# Records from a data source
= Beginning of Section =
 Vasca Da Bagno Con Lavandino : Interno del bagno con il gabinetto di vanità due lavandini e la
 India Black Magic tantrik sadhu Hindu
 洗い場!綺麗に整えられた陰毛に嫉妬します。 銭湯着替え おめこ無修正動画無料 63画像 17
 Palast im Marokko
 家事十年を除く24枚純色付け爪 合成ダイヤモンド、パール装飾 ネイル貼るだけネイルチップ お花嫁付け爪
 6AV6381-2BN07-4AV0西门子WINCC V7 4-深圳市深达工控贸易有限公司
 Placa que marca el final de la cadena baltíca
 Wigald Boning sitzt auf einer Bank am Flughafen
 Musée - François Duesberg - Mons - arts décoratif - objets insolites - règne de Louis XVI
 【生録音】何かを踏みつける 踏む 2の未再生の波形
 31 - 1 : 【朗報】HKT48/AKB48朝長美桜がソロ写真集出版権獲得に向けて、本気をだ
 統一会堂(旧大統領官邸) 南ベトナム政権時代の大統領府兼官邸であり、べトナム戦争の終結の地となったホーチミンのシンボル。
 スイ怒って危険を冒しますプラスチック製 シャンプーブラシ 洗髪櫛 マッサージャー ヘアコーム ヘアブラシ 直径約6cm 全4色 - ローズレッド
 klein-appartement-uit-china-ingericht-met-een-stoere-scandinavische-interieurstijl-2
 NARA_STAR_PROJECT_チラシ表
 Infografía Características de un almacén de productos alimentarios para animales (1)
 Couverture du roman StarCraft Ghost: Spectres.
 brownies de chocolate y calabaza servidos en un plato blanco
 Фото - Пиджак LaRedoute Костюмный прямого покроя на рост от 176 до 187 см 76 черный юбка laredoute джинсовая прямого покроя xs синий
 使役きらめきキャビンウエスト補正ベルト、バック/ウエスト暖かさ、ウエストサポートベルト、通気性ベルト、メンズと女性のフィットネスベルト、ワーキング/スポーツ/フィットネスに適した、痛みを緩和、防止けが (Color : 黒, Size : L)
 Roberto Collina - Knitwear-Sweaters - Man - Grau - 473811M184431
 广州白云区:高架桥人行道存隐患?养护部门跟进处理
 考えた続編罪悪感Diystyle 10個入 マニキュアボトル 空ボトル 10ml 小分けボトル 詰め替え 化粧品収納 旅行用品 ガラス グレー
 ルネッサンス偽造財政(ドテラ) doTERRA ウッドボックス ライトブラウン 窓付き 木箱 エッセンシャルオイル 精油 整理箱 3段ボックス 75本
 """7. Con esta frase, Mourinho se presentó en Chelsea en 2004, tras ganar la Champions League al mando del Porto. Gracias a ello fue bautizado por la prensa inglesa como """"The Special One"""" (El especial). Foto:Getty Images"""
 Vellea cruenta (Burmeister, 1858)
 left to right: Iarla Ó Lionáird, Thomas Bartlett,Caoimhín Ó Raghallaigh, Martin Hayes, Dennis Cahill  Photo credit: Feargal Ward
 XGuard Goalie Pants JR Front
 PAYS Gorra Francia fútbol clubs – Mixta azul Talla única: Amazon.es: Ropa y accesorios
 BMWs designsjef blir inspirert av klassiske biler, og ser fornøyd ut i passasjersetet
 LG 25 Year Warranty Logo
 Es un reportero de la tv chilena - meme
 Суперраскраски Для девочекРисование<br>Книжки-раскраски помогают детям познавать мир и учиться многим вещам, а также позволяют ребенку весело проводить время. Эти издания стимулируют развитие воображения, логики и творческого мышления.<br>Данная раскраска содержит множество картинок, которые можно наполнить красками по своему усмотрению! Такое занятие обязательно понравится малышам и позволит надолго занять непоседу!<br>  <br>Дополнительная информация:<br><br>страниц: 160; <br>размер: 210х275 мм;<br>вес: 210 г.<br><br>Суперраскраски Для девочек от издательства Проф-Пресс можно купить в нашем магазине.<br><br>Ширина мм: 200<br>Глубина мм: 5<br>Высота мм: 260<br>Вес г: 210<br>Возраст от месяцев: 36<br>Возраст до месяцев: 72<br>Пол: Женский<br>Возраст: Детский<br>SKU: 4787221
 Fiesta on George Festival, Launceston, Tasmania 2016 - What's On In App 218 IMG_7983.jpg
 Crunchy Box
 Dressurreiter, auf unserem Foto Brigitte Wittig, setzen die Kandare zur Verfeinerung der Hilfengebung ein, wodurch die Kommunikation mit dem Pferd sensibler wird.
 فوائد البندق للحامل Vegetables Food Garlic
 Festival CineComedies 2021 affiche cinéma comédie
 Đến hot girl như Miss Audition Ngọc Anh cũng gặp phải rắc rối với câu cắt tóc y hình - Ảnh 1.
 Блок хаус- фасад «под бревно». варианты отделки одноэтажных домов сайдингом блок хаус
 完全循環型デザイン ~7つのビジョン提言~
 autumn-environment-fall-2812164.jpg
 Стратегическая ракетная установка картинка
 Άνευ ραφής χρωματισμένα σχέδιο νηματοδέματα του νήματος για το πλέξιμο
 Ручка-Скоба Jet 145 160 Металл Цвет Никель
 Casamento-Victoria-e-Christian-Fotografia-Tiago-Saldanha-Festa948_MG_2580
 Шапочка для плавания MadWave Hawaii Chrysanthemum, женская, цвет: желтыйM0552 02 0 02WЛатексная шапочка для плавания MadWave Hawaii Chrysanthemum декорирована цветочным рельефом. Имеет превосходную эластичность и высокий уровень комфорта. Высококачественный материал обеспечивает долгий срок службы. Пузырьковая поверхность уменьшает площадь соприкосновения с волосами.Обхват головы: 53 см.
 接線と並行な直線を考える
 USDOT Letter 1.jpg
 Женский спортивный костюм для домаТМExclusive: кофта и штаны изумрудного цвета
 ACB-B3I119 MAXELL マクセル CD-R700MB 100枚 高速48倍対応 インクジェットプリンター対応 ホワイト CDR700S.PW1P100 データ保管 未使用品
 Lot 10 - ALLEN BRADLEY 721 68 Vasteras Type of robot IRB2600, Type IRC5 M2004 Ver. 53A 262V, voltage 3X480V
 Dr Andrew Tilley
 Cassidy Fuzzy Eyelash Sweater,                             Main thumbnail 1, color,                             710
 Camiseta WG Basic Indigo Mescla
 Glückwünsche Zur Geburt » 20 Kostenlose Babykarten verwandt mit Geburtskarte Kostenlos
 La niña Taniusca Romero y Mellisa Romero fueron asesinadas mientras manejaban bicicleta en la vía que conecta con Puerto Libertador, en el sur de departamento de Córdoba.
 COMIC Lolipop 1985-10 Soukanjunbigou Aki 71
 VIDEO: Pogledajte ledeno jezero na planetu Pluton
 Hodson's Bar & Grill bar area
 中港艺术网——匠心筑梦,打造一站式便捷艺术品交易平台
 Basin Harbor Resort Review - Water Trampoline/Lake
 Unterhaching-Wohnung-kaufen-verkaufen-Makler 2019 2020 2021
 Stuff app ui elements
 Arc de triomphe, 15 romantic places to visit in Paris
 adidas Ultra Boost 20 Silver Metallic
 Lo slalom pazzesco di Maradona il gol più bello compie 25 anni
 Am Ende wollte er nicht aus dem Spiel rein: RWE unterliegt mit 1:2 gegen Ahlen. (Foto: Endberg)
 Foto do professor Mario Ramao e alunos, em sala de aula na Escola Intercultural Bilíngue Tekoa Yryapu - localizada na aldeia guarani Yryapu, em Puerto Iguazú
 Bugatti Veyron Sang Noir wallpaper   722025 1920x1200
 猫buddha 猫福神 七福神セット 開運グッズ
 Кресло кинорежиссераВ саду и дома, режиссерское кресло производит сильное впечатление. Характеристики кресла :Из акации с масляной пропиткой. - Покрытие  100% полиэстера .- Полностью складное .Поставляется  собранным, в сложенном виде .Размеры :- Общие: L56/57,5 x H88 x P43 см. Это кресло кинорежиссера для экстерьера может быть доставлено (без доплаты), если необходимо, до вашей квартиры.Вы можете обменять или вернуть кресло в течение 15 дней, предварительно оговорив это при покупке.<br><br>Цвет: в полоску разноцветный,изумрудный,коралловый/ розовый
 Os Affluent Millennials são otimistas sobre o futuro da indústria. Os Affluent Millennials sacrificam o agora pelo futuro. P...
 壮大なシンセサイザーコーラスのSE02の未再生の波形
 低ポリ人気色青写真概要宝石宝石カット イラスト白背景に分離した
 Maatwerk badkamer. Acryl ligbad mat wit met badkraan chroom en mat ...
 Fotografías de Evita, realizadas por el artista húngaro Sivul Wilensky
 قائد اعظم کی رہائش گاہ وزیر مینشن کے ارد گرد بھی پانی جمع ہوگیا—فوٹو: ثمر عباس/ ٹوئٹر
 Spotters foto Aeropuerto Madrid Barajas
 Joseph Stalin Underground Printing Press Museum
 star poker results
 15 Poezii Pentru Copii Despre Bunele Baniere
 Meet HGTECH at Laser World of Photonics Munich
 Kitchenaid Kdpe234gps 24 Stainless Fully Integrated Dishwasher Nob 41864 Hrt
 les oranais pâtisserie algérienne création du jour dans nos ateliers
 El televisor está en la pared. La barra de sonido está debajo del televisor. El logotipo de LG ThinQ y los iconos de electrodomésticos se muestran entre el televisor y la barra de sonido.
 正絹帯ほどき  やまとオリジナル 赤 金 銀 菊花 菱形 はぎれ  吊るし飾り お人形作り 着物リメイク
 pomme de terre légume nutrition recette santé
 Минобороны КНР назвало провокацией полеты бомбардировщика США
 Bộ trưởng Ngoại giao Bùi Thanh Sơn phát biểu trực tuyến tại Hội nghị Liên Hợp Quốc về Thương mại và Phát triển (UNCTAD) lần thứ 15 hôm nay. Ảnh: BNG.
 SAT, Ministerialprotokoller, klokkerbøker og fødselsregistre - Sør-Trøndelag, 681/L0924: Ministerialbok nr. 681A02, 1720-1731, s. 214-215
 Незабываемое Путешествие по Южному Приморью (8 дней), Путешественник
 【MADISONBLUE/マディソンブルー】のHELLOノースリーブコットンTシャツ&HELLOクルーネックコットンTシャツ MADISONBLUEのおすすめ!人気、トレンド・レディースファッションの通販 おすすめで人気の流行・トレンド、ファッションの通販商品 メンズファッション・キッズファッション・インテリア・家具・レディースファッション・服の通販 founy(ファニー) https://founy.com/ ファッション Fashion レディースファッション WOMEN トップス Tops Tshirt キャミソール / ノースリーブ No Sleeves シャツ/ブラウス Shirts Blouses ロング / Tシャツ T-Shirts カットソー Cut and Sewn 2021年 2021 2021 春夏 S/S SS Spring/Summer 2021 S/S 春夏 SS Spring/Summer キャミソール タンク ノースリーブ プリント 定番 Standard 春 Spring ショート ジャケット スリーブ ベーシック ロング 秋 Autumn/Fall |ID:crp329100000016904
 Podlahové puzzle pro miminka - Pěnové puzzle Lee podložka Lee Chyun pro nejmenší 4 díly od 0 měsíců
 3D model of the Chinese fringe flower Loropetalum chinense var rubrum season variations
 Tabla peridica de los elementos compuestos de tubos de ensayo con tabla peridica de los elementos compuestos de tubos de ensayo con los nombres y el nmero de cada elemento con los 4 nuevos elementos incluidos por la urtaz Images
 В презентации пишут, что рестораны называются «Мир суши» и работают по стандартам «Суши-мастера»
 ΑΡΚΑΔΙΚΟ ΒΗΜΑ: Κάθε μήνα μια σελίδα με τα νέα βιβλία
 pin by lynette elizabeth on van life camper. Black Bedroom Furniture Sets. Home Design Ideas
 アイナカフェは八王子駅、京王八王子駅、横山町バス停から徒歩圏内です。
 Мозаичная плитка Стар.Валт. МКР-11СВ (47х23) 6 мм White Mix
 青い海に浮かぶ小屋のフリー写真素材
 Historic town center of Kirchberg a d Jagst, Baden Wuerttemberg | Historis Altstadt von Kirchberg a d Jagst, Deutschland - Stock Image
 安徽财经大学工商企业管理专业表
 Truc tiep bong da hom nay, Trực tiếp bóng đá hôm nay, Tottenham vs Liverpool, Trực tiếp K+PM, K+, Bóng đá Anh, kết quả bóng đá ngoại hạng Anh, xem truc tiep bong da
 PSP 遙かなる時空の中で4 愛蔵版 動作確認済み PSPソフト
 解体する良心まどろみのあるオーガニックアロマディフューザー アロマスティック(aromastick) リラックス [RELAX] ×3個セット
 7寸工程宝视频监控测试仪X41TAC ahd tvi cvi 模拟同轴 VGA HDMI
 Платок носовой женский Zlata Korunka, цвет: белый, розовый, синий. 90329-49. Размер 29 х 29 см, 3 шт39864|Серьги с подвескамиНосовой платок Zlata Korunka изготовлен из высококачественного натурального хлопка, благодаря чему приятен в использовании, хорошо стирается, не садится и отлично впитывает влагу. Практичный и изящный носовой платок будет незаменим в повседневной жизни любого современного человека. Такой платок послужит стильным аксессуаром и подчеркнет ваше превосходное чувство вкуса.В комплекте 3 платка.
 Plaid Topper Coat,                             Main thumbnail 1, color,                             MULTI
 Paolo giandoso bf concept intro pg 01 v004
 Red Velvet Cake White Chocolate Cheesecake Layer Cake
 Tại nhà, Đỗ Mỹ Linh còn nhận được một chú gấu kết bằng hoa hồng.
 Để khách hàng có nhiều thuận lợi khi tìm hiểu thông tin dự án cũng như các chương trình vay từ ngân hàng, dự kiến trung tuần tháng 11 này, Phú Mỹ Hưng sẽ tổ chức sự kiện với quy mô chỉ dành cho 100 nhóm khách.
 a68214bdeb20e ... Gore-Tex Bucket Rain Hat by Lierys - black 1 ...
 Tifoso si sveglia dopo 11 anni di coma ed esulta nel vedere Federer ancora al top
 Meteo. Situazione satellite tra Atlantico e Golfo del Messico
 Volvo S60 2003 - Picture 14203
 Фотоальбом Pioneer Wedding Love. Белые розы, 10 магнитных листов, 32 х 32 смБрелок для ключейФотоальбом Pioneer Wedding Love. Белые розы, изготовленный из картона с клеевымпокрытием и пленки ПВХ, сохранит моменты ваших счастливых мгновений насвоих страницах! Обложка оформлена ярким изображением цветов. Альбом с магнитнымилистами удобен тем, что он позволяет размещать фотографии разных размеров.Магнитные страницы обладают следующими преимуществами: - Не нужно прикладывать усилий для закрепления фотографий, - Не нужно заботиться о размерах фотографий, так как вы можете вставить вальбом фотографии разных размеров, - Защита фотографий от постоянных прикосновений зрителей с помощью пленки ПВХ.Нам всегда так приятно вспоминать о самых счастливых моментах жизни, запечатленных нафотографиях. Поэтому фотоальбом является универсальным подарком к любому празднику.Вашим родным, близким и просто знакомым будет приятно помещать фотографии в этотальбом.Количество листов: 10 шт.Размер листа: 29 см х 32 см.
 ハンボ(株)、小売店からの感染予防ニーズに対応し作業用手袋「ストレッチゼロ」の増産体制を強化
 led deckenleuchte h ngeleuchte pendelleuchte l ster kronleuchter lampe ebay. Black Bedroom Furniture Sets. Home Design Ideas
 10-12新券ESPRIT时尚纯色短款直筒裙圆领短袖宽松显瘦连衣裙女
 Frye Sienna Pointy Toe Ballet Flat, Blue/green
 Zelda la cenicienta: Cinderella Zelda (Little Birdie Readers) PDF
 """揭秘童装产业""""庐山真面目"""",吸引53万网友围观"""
= End of Section =
# WHAT THE TASK ASKS
All that is needed is the exact run of lines above from the line containing "Glückwünsche Zur Geburt" through the line containing "Hodson's Bar & Grill bar area", both of them included.

# RESULT OF THIS EXERCISE
 Glückwünsche Zur Geburt » 20 Kostenlose Babykarten verwandt mit Geburtskarte Kostenlos
 La niña Taniusca Romero y Mellisa Romero fueron asesinadas mientras manejaban bicicleta en la vía que conecta con Puerto Libertador, en el sur de departamento de Córdoba.
 COMIC Lolipop 1985-10 Soukanjunbigou Aki 71
 VIDEO: Pogledajte ledeno jezero na planetu Pluton
 Hodson's Bar & Grill bar area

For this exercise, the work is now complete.